Suriye, yüzlerce yıl Osmanlı İmparatorluğu’na bağlı bir eyalet olarak yaşadı. Birinci Dünya Savaşı sonrası imparatorluğun dağılması ile muzaffer emperyalist güçler, Ortadoğu’yu kendi aralarında bölüştüler. İngilizler Filistin, Ürdün ve Irak’ı; Fransızlar Lübnan ve Suriye’yi aldı.

1917 Rus Devrimi sonrası Bolşevikler, Çarlık Rusyası’nın sömürgeci arzularına karşı çıktılar ve Ortadoğu’nun bölüştürülmesine ilişkin Britanya, Fransa ve Rusya arasında yapılan görüşmeleri içeren gizli Sykes-Picot Anlaşması’nı ifşa ettiler.

1940’ta Fransa’nın Almanlara hızla teslim olması ardından İngilizler, Lübnan ve Suriye’yi işgal ettiler. 1946’da Suriye bağımsız oldu.
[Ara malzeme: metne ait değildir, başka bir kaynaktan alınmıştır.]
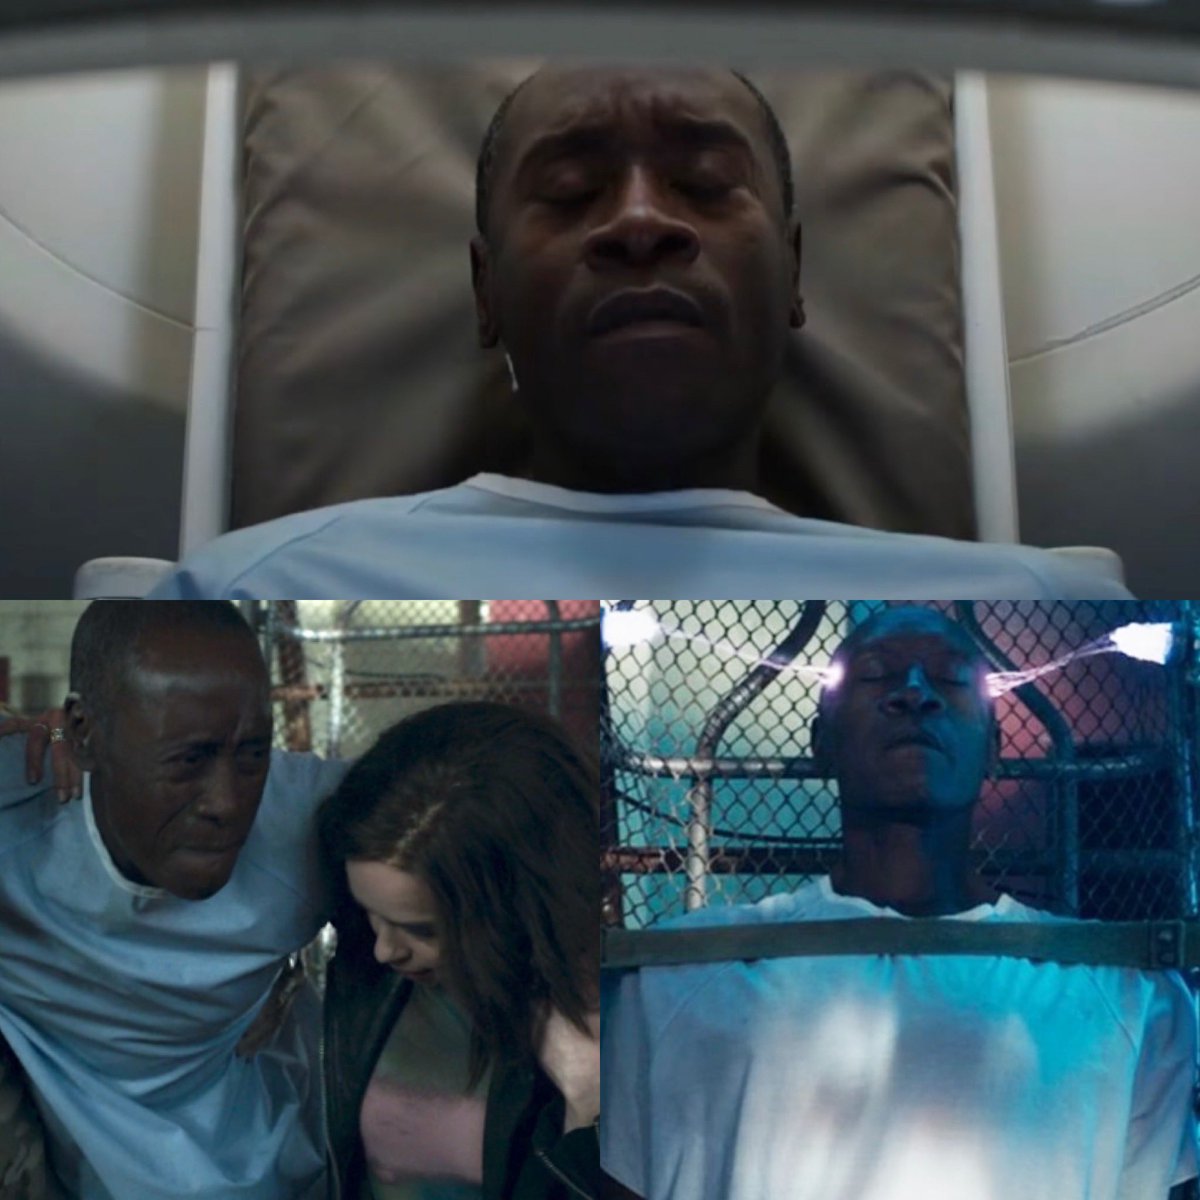 Marvel Studios decision to make #Rhodey a Skrull since his accident in Captain America: Civil War is a bold strategy. The reveal held tremendous potential to be an epic moment in #SecretInvasion, but it lacked the impact it deserved, almost as if it could be altered if fans hated… https://t.co/Go51S6uMDS https://t.co/tfP47ui1vg

Fransız emperyalizmi, İkinci Dünya Savaşı sonrası, özellikle Lübnan’da büyük bir güç kazandı. Ancak ABD zamanla onun yerini aldı. İngilizler hâlen daha bölgedeki en önemli güçtü.
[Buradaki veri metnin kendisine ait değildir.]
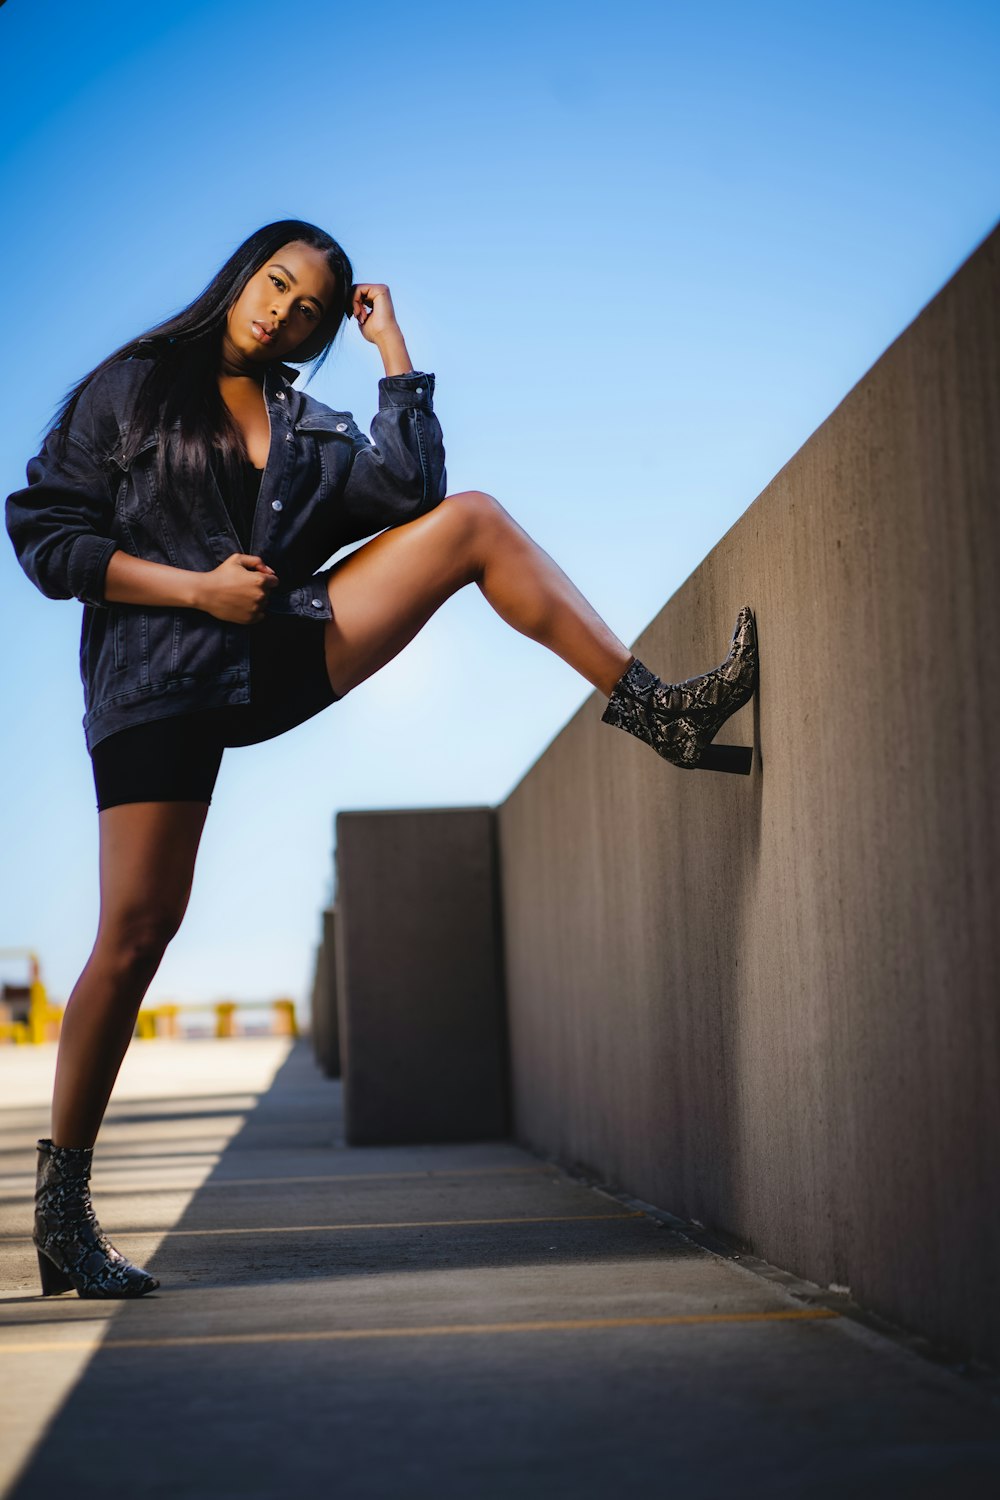 a woman leaning against a wall while wearing high heels

1963’te Arap Sosyalist Baas Partisi Suriye’de iktidara geldi. Baas Partisi aynı yıl Irak’ta da iktidarı aldı. 1947’de Suriye’de kurulmuş olan parti, farklı Arap ülkelerinde kollara sahipti. “Birlik, Hürriyet, Sosyalizm” şiarı altında Baasçılık, Arap milliyetçi hareketine ait sol bir eğilimi temsil ediyordu.

1960’ların ortalarında Salah Cedid liderliğindeki Baas’ın sol kanadı partideki sağcı eğilimi mağlup etti. Cedid, sanayiyi ve tarımı millîleştirdi, işçiler ve köylüler lehine kapsamlı toplumsal programlar geliştirdi.
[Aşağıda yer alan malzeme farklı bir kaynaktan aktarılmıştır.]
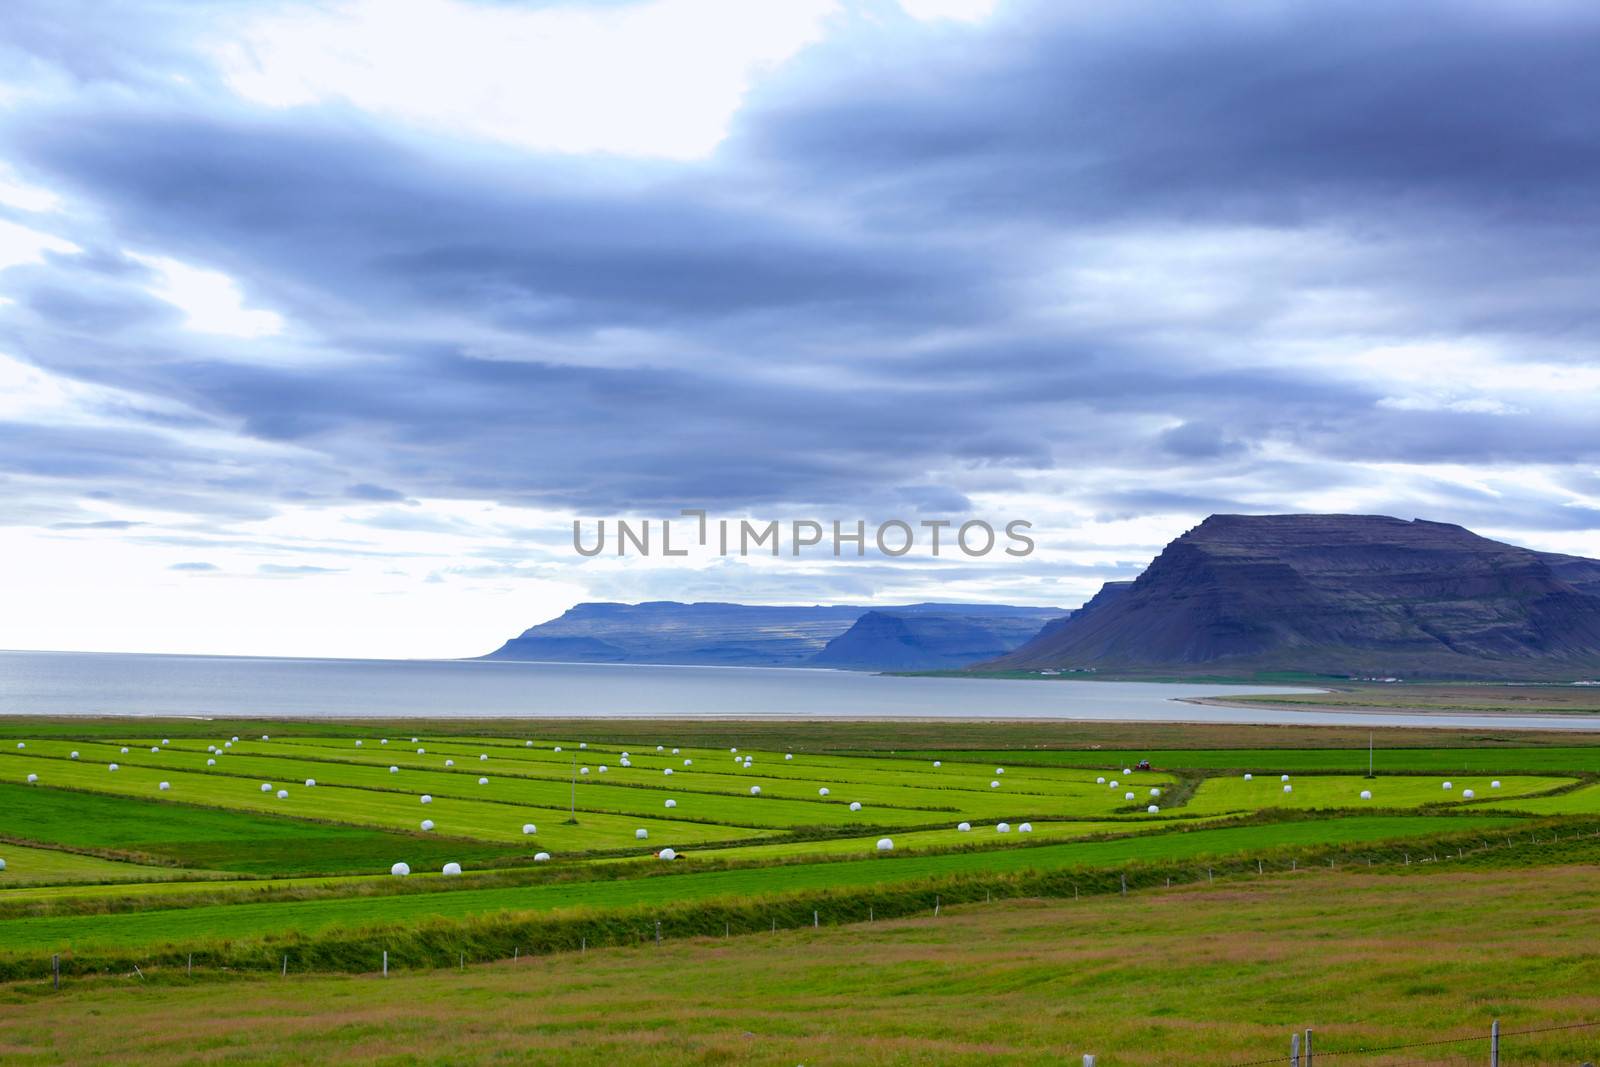 Icelandic Rural Landscape. Hay bales in white plastic on the meadow.

Emperyalizmin himayesinde hareket eden İsrail, giderek büyük bir askerî devlet hâline geldi. 1967’te Arap komşularına saldırdı. Altı günde Mısır, Suriye ve Ürdün’ü yendi. Batı Şeria, Gazze, Sina Yarımadası ve Suriye’deki Golan Tepeleri’ni işgal etti. İşgal bugüne dek varlığını korudu.

Askerî yenilgi, Suriye ve Mısır’daki milliyetçi liderlere karşı ağır bir saldırıyı koşulladı. Solcu ve radikal güçler giderek zayıfladılar. Mısır’da 1970’te Nasır’ın ölümü ardından emperyalizm yanlısı bir rejim tesis edildi. Suriye’de Cedid, 1971’de Hafız Esad karşısında mağlup oldu. Mısır’daki Enver Sedat’ın aksine Esad, emperyalizm yanlısı bir lider değildi. İktidarda kaldığı süre boyunca bir tür sosyalist bir program tatbik etti. Eskiye nazaran görece merkezci ve burjuva milliyetçi bir programdı bu. 2000’de ölmesinin ardından yerine Beşar Esad geldi.

Suriye Rejiminin Karakteri

Osmanlı İmparatorluğu’nun dağılması ve Ortadoğu’nun emperyalist güçler arasında bölüşülmesi sonrası buradaki devletler biçim olarak otoriter ve gayri demokratiktiler. Emperyalistler sağcı, gerici feodal unsurları desteklediler. Sınırlar emperyalist çıkarlar uyarınca çizildi. Bu, gelişen burjuva demokratik haklar için uygun ve ideal koşulları temin etmiyordu.

Suriye, Libya ve 1979 devrimi sonrası İran gibi, emperyalist hâkimiyetten kurtulmuş ülkelerde bile işgal ve iktidarın devrilmesi tehdidi demokratik hakların genişlemesi için uygun bir zemin sunmuyordu. Sonuç olarak bağımlı ya da bağımsız bölgedeki birçok rejim hükümet, meclis ve seçimler hususunda burjuva demokratik bir biçim arz etmiyordu. Devletin şiddete dayalı baskıcı niteliği istisnai değil, kuraldı.

Esasında ABD’nin demokrasi ve insan haklarını teşvik ettiğine dair propagandasının aksine, en gerici ve baskıcı devletler bağımsız olanlar değil, ABD’ye bağımlı olanlardı. Bu gerçek üzerinden, kraliyet ailelerinin hükmettiği Suudi Arabistan, Kuveyt ve Bahreyn’e bakmak mümkün. Buralarda yalandan da olsa, bir meclise ya da seçime bile rastlanmıyor.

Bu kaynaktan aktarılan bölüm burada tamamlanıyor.